Ziidi Trader builds directly on this success, aiming to replicate the MMF’s rapid adoption.
The Mechanics: From Board Lots to Single Shares
Structural reforms underpinning Ziidi Trader make investing more accessible than ever:
| Feature | Old System (pre-2025) | New “Ziidi” Model (2026) |
|---|---|---|
| Minimum trade | 100 shares | 1 share |
| Onboarding | Physical forms/broker visit | Instant digital KYC via M-Pesa |
| Settlement | T+3 | Same-day/near-instant |
| Account structure | Individual CDS account | Omnibus digital wallet |
These changes lower ticket sizes, compress settlement risk, and align equity trading with mobile‑first behaviour.

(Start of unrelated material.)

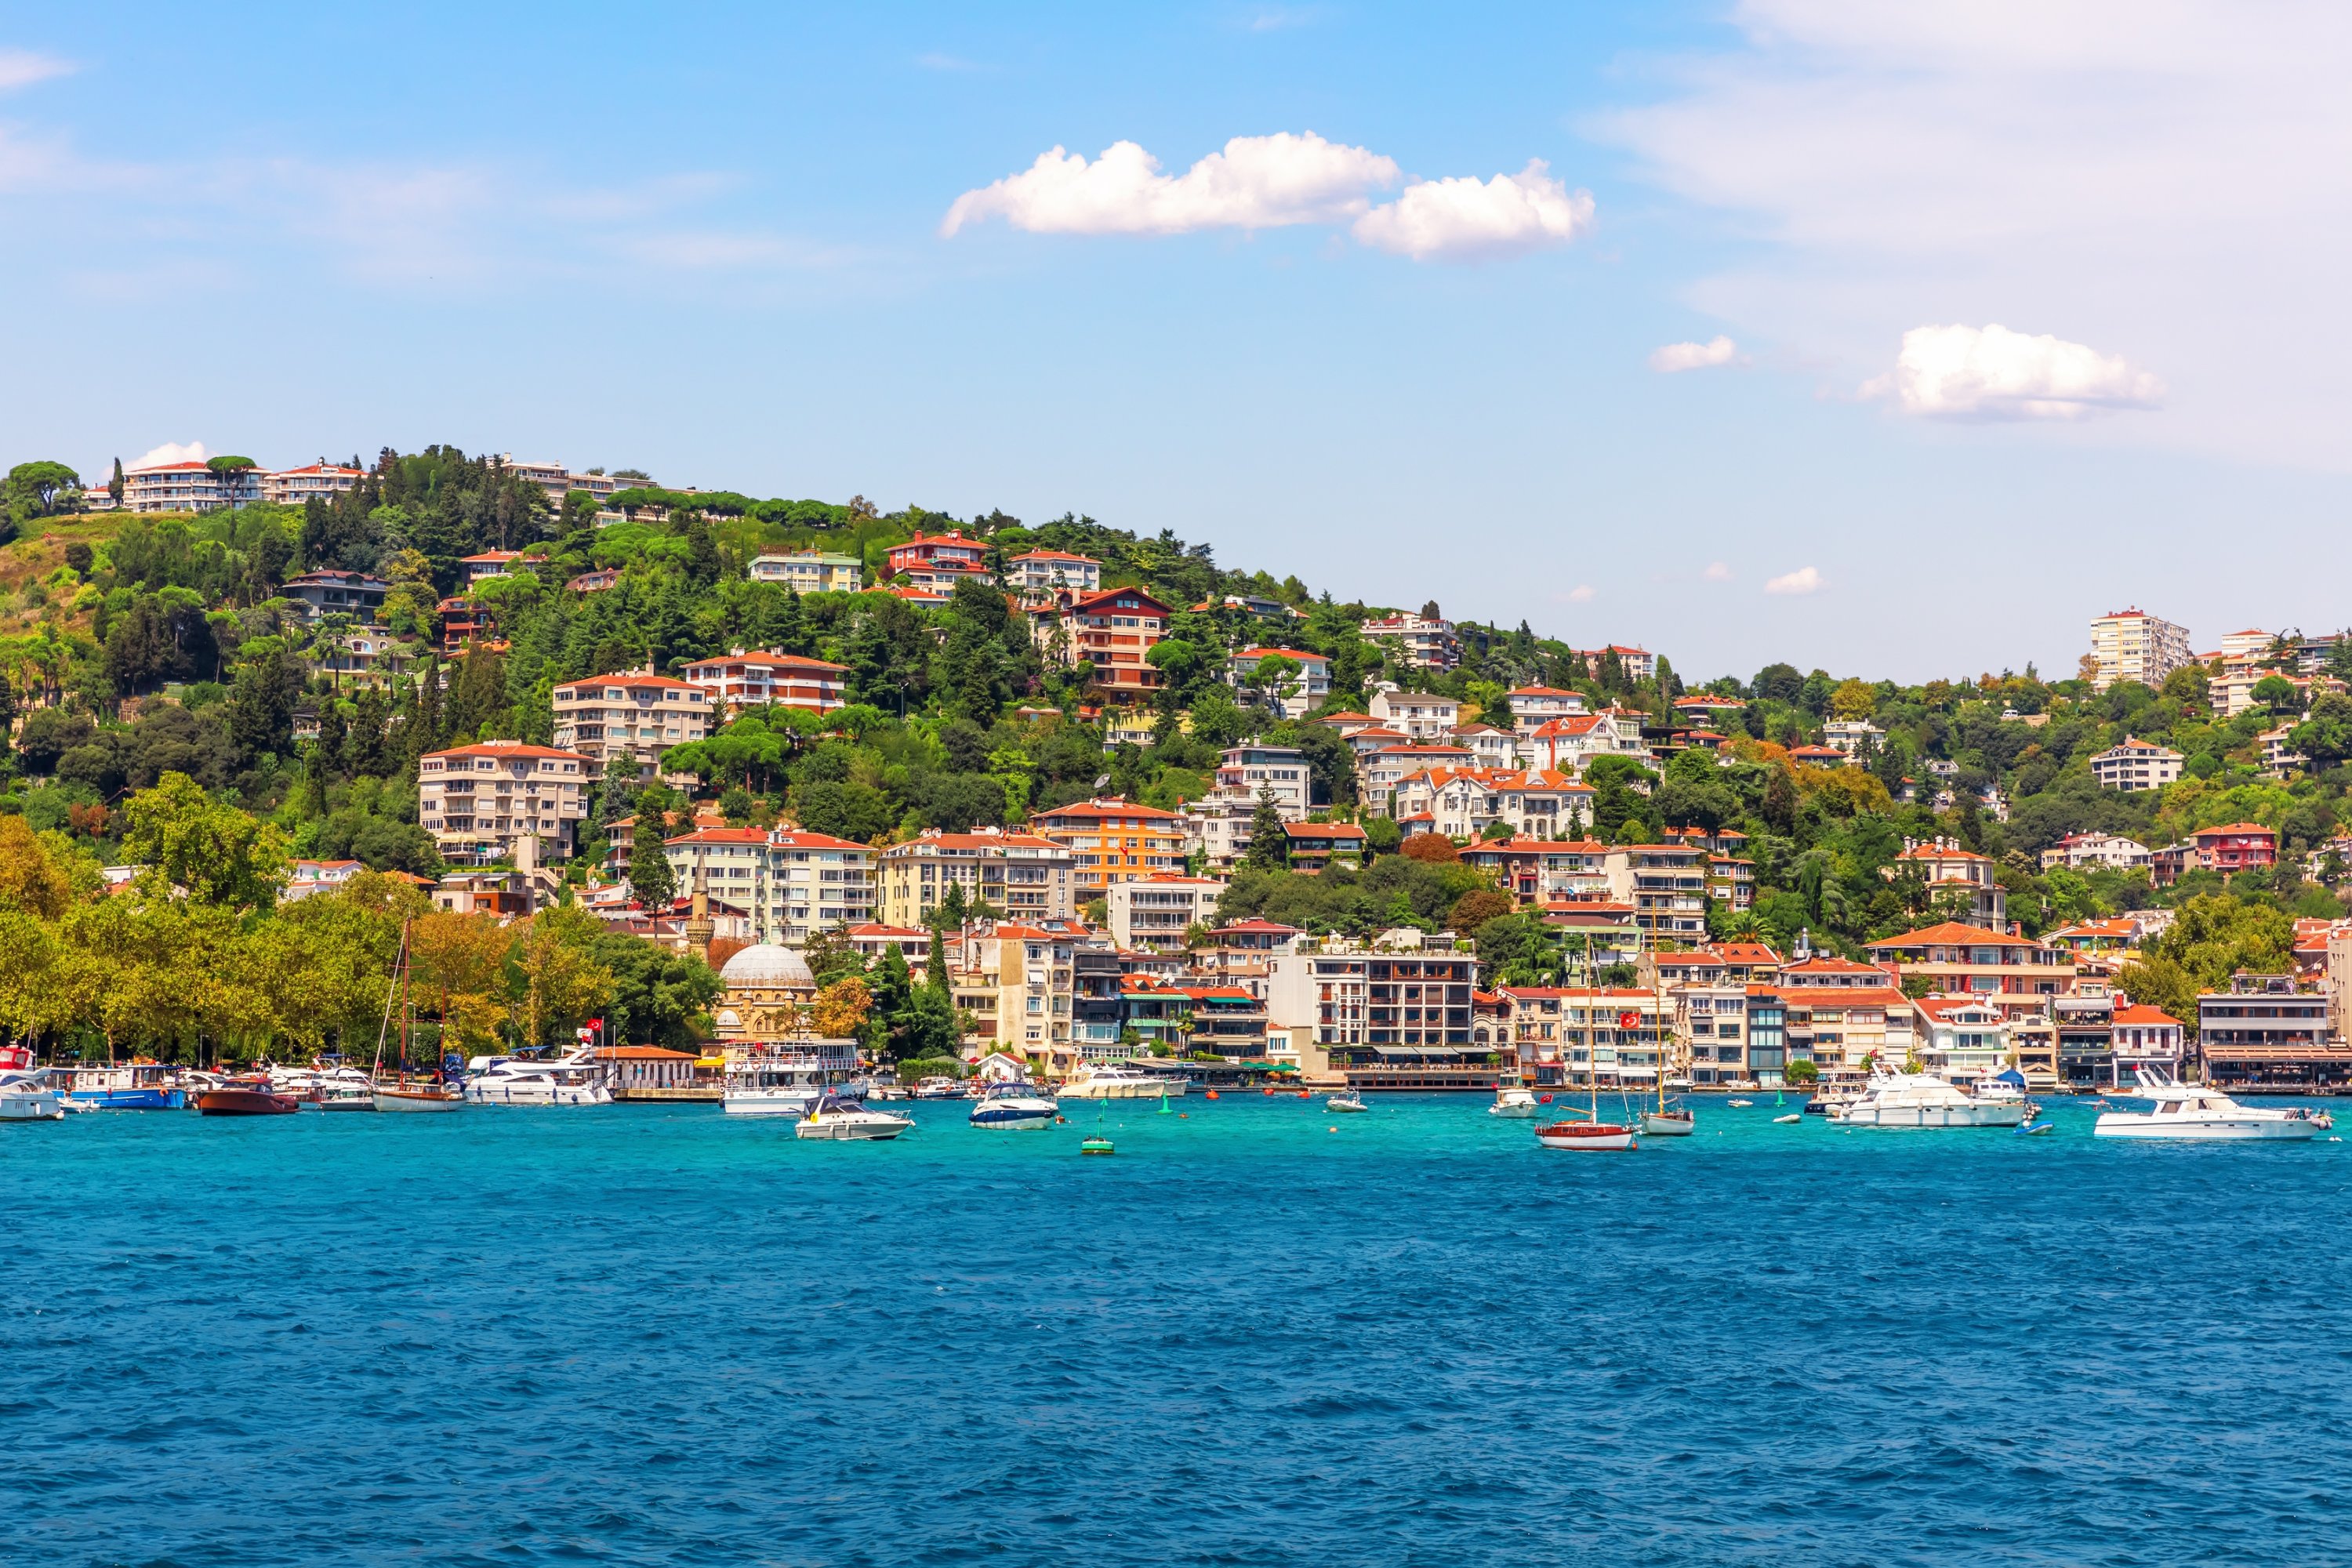 Bebek neighborhood on the bank of the Bosporus, Istanbul, Türkiye. (Shutterstock Photo)

Regulatory Tensions and Broker Concerns
The initiative has not been without controversy. Earlier this year, stockbrokers accused the NSE of trying to cut them out entirely, even calling for Mwiti’s removal in June.
The omnibus account structure addresses some of those concerns by keeping licensed intermediaries involved, not as gatekeepers.
Safaricom’s Fintech Premium
For Safaricom, Ziidi Trader opens another revenue stream beyond person‑to‑person transfers:
- The company earned KES 100 million from the Ziidi MMF (0.6% of the fund’s asset base).
- Financial services already represent 5.2% of M-PESA revenues, KES 4.6 billion in the six months ending September 2025, up 13.9% year‑on‑year.
- Safaricom’s shares have gained 65.4% year‑to‑date, reflecting a “fintech premium” as investors value it beyond its telco status.
Why This Matters for Africa’s Capital Markets
Kenya’s experiment offers a potential template for other mobile‑money‑dominant markets:
- Ghana, where mobile money penetration far exceeds brokerage reach.
- Tanzania and Uganda, which share similar telco‑led ecosystems but shallow equity participation.
If successful, Ziidi Trader reframes capital market deepening not as a broker‑led or bank‑led challenge, but as a payments‑led distribution problem. Exchanges align with the rails that already intermediate everyday financial life.